Together, the above results indicate that our automatic procedure is well in line with human perception for detecting genders from user names, i.e., if we can infer a gender based on the user name automatically, the gender signal contained in a user name is strong, while there is no clear indication of the gender from the user name if we cannot assign a gender label automatically. In the remainder of the paper, we therefore differentiate between two groups of reviewers (and by implication, reviews):

• Signaling Men and Women: This is the set of reviewers for which we can automatically infer the gender from the user name, i.e., the user name sends a clear signal about the likely gender of the reviewer.

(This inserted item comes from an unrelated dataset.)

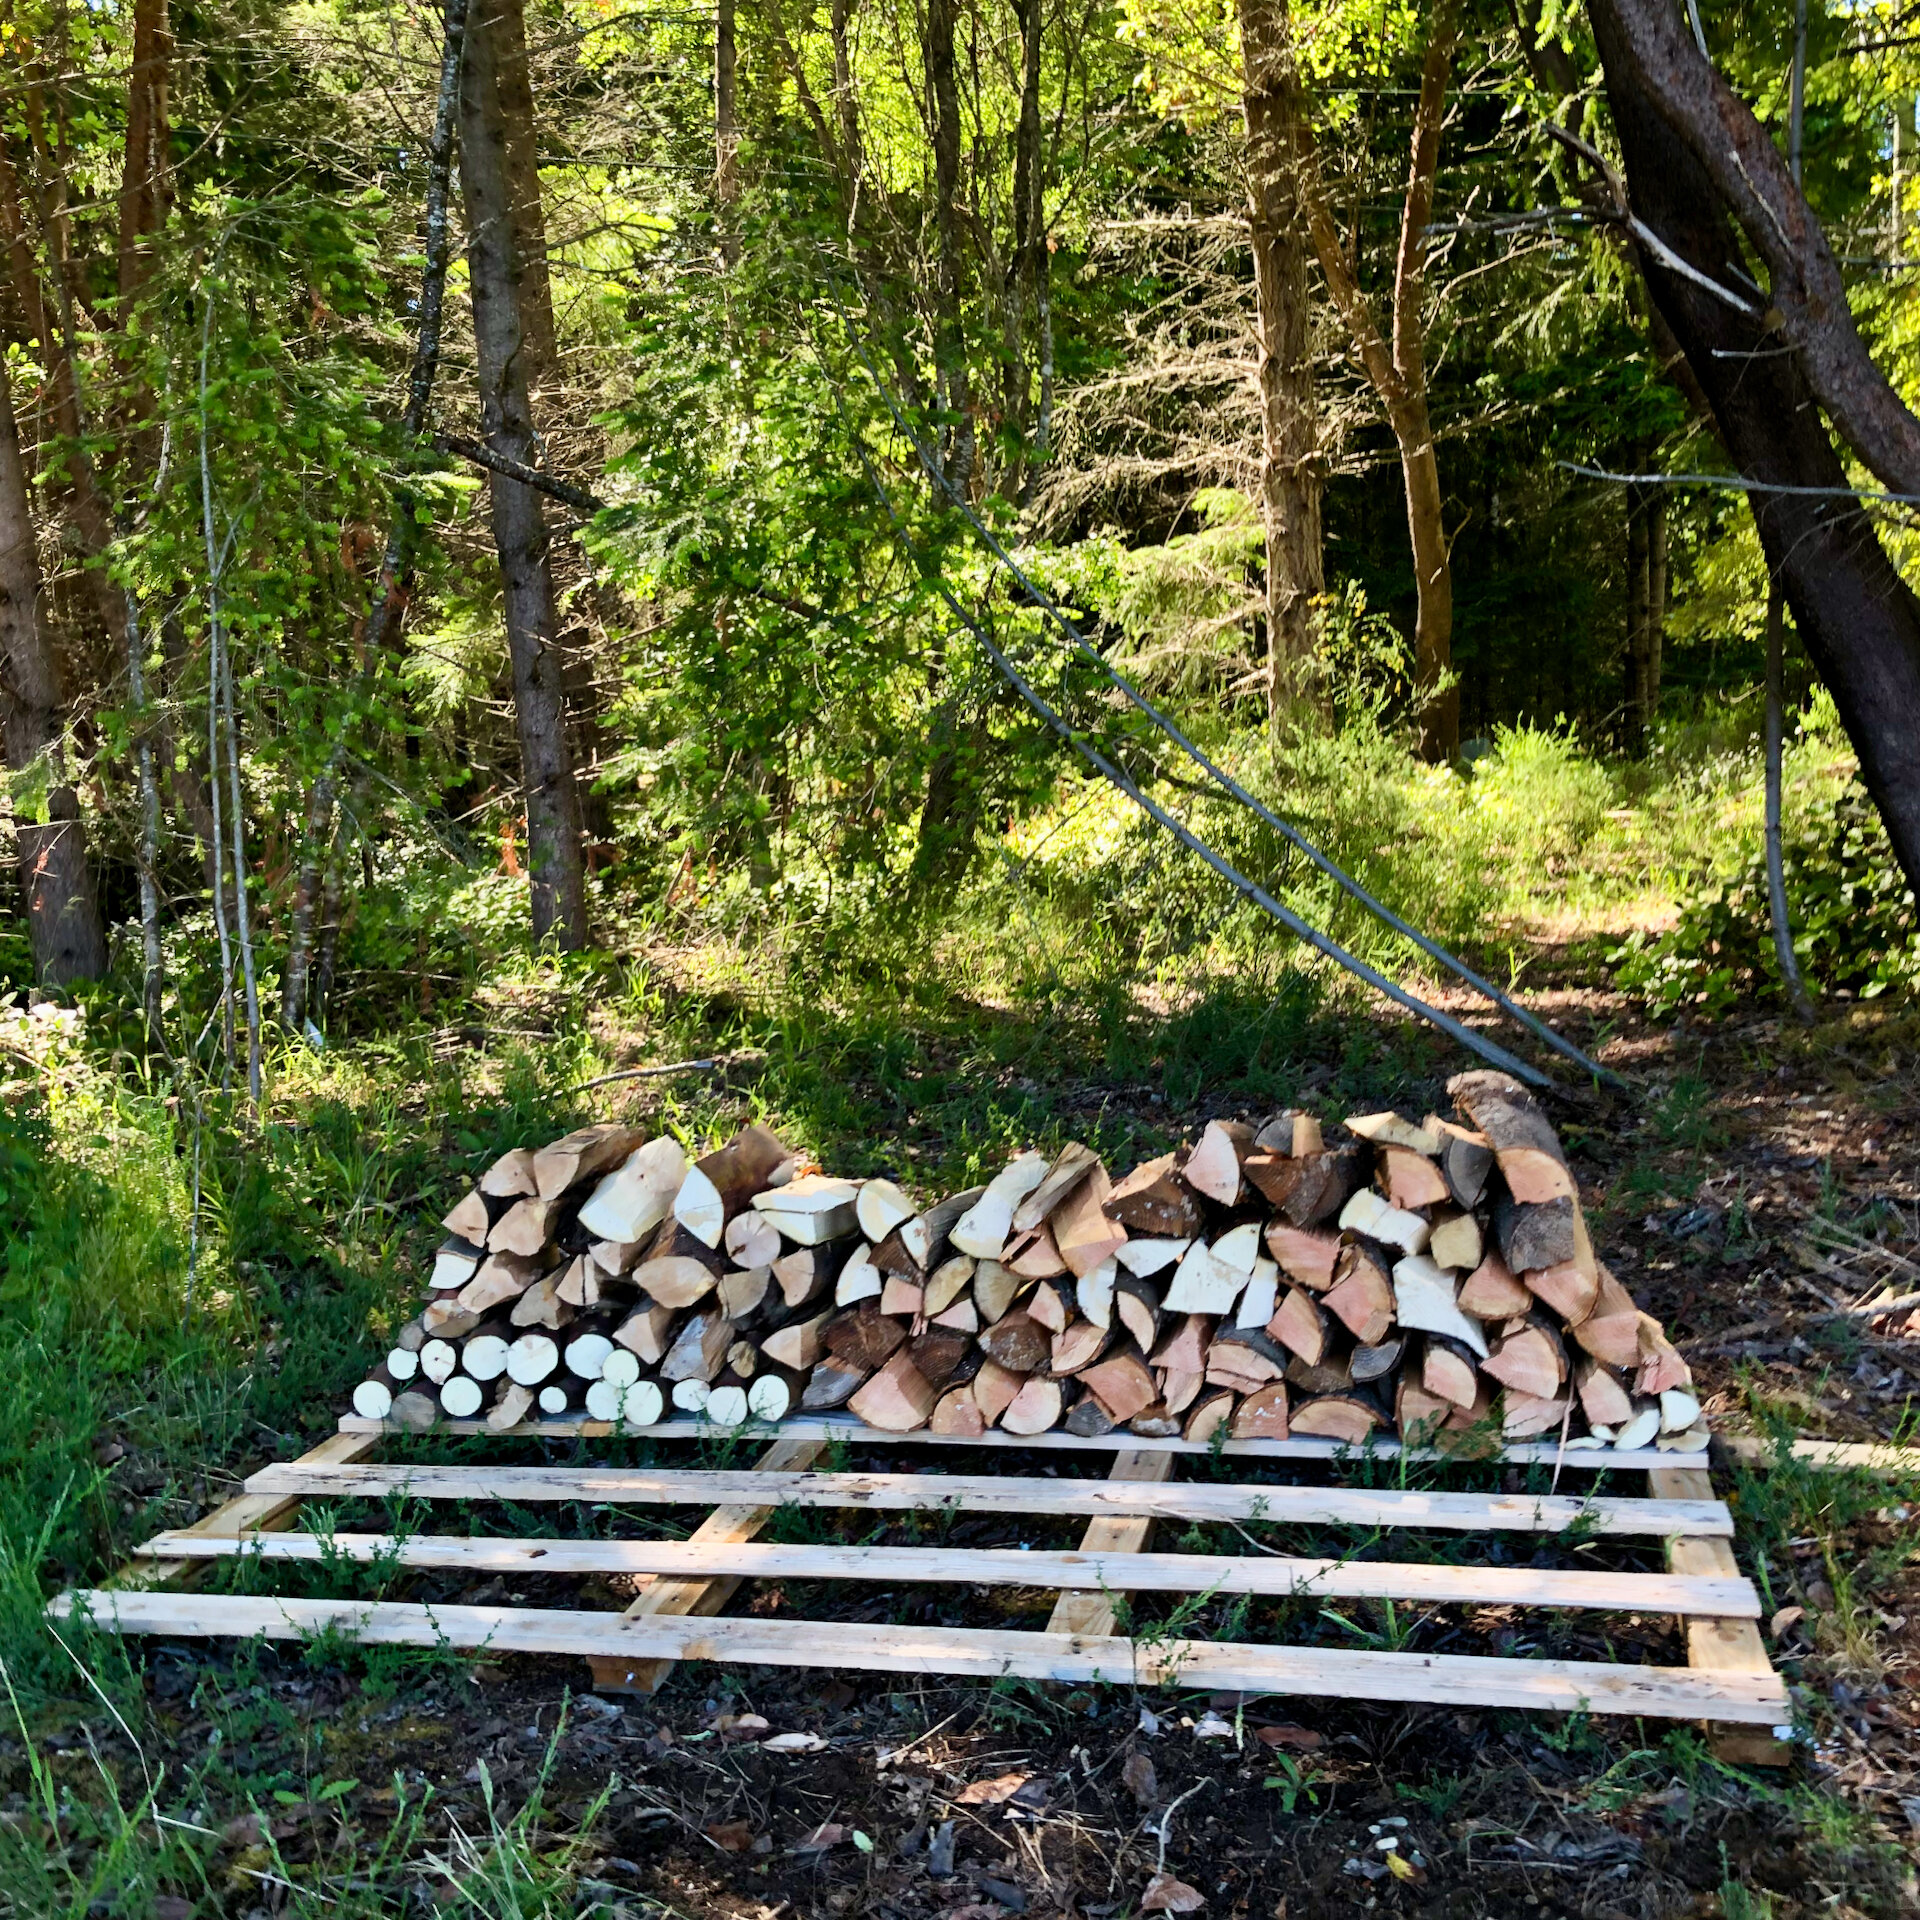  From one of our wood deliveries, we had a big palate that was perfect for stacking the wood on. 
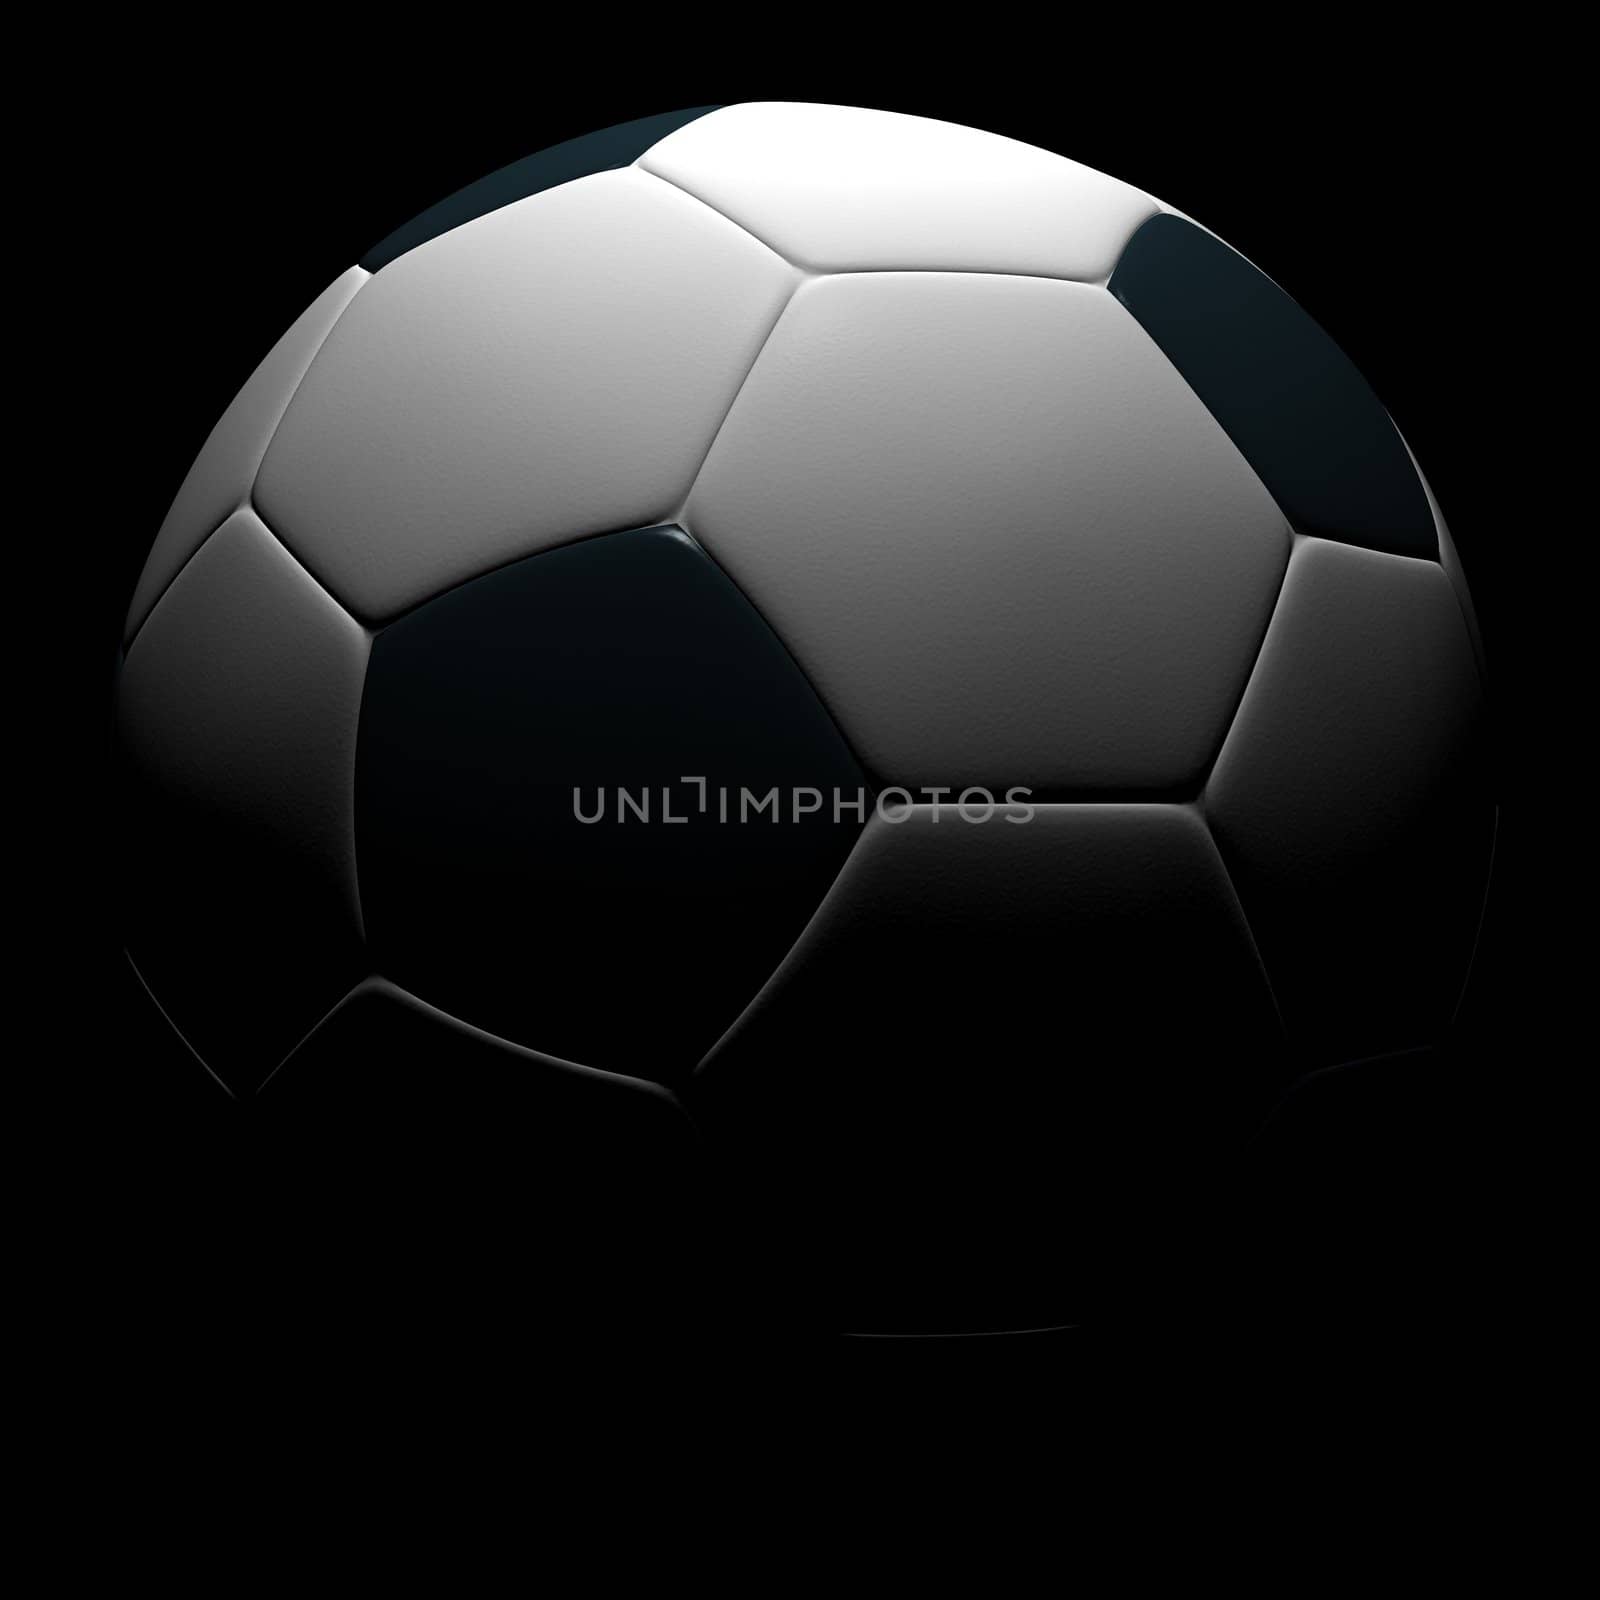 Soccer ball isolated on black background. Photorealistic 3D rendering.

• Non-signaling users: This is the set of reviews for which we cannot infer the gender from the user name. As shown by our experiments, humans do not pick up clear gender signals for these users either.

Note that we assign here a gender label based on the gender perception of the user name, i.e., we assume a review written under a name with a likely gender is a strong signal of gender identity. While there are exceptions, we believe this is a reasonable assumption that has been adopted previously in multiple studies (Mislove et al., 2011; Ciot et al., 2013; Liu and Ruths, 2013), see also Section 5. Another point of validity for our assumption is that we are concerned with social feedback of other users in response to the signals contained in the user names. For the remainder of this paper, when we mention the signaled gender of a review, we would essentially mean the signaled likely gender of the reviewer who authored the review unless specified otherwise.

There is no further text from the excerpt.